Two more evaluations, now using LoSo in the outer loop:
docker run -ti -v $PWD:/scratch -w /scratch \ --entrypoint=/usr/local/miniconda/bin/mriqc_clf \ poldracklab/mriqc:0.9.7 \ --train --test --log-file --nested_cv --cv kfold -v --debugNested CV [avg] roc_auc=0.710537391399, accuracy=0.759618741224 Nested CV roc_auc=0.780, 0.716, 0.829, 0.877, 0.391, 0.632, 0.679, 0.634, 0.665, 0.472, 0.690, 0.963, 0.917, 0.528, 0.813, 0.743, 0.751. Nested CV accuracy=0.796, 0.421, 0.869, 0.583, 0.852, 0.625, 0.807, 0.767, 0.703, 0.357, 0.832, 0.964, 0.911, 0.947, 0.750, 0.870, 0.860. ... CV [Best model] roc_auc=0.872377212756, mean=0.872, std=0.019. ... Ratings distribution: 190/75 (71.70%/28.30%, accept/exclude) Testing on evaluation (left-out) dataset ... Performance on evaluation set (roc_auc=0.685, accuracy=0.762) Predictions: 249 (accept) / 16 (exclude) Classification report: precision recall f1-score support accept 0.76 0.99 0.86 190 exclude 0.88 0.19 0.31 75 avg / total 0.79 0.76 0.70 265
And finally LoSo in both outer and inner loops:
docker run -ti -v $PWD:/scratch -w /scratch \ --entrypoint=/usr/local/miniconda/bin/mriqc_clf \ poldracklab/mriqc:0.9.7 \ --train --test --log-file --nested_cv --cv loso -v --debugNested CV [avg] roc_auc=0.715716013846, accuracy=0.752136647911 Nested CV roc_auc=0.963, 0.756, 0.554, 0.685, 0.673, 0.659, 0.584, 0.764, 0.787, 0.764, 0.883, 0.843, 0.846, 0.431, 0.599, 0.910, 0.465. Nested CV accuracy=0.964, 0.898, 0.852, 0.789, 0.531, 0.821, 0.767, 0.947, 0.722, 0.842, 0.528, 0.778, 0.869, 0.357, 0.766, 0.931, 0.425. ... CV [Best model] roc_auc=0.712039797411, mean=0.712, std=0.124. ... Ratings distribution: 190/75 (71.70%%/28.30%%, accept/exclude) Testing on evaluation (left-out) dataset ... Performance on evaluation set (roc_auc=0.685, accuracy=0.766) Predictions: 244 (accept) / 21 (exclude) Classification report: precision recall f1-score support accept 0.76 0.98 0.86 190 exclude 0.81 0.23 0.35 75 avg / total 0.78 0.77 0.71 265
Using LoSo in the outer loop the average AUC is not that optimistic (0.78 using K-Fold in the inner loop and 0.71 using LoSo). Same stands for average accuracy (76%/75% K-Fold/LoSo in the inner loop).

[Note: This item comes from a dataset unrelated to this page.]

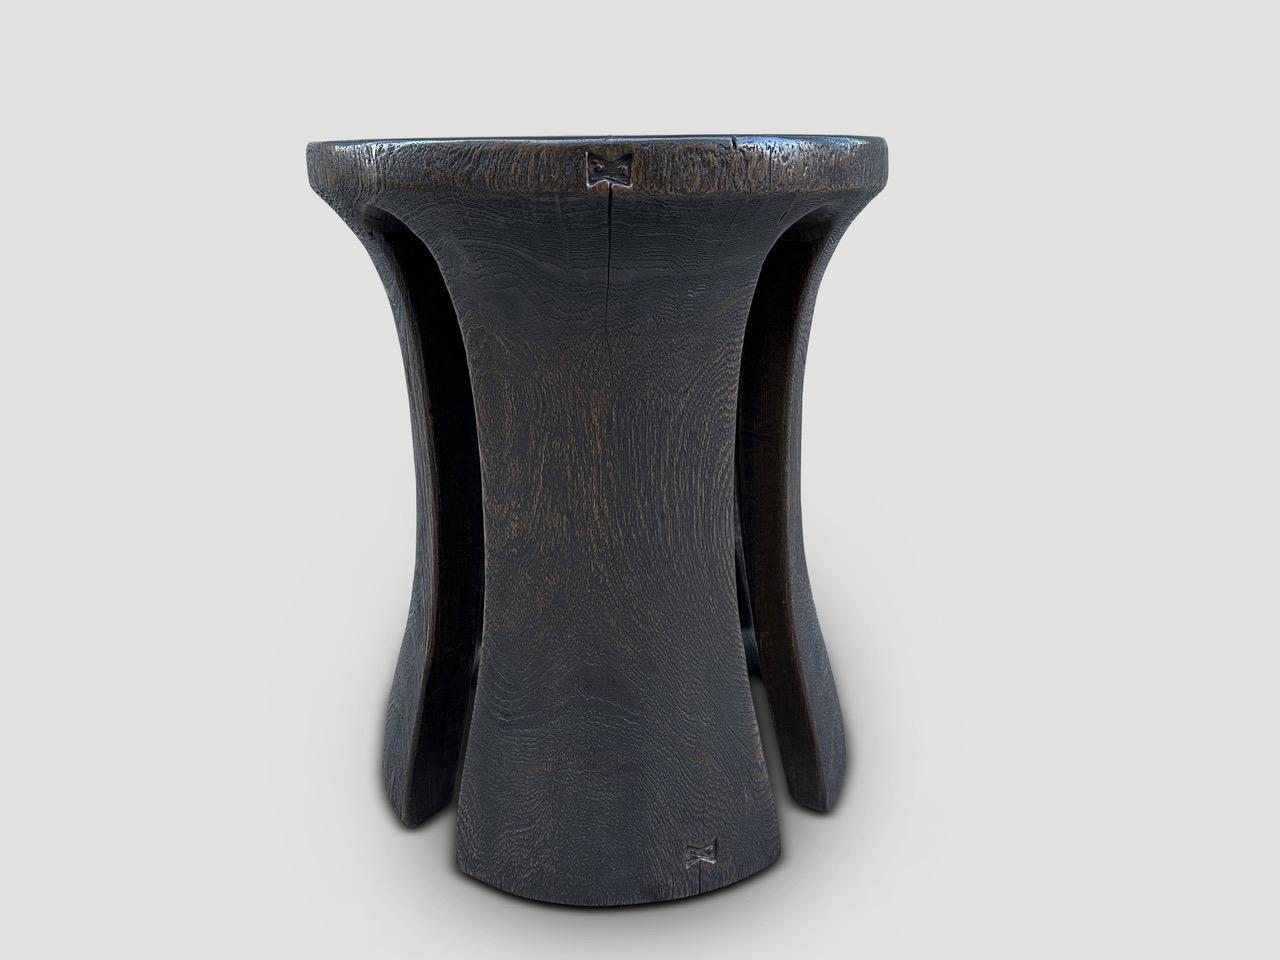 A century old teak wood mortar originally used to grind rice, is repurposed into this minimalist side table or stool. We first turned it upside down and smoothed out the entire piece and then made sleek cut outs and added recessed butterflies inlaid

When checking these results with respect to the performance on the held out dataset, the main interpretation that arises is that the 10-Fold cross-validation is overestimating the performance. The features have an structure correlated with the site of origin, and the 10-Fold splits do not represent that structure well. All the folds learn something about all sites, and thus, this cross-validated result cannot be considered a good estimation of performance on data from unseen sites.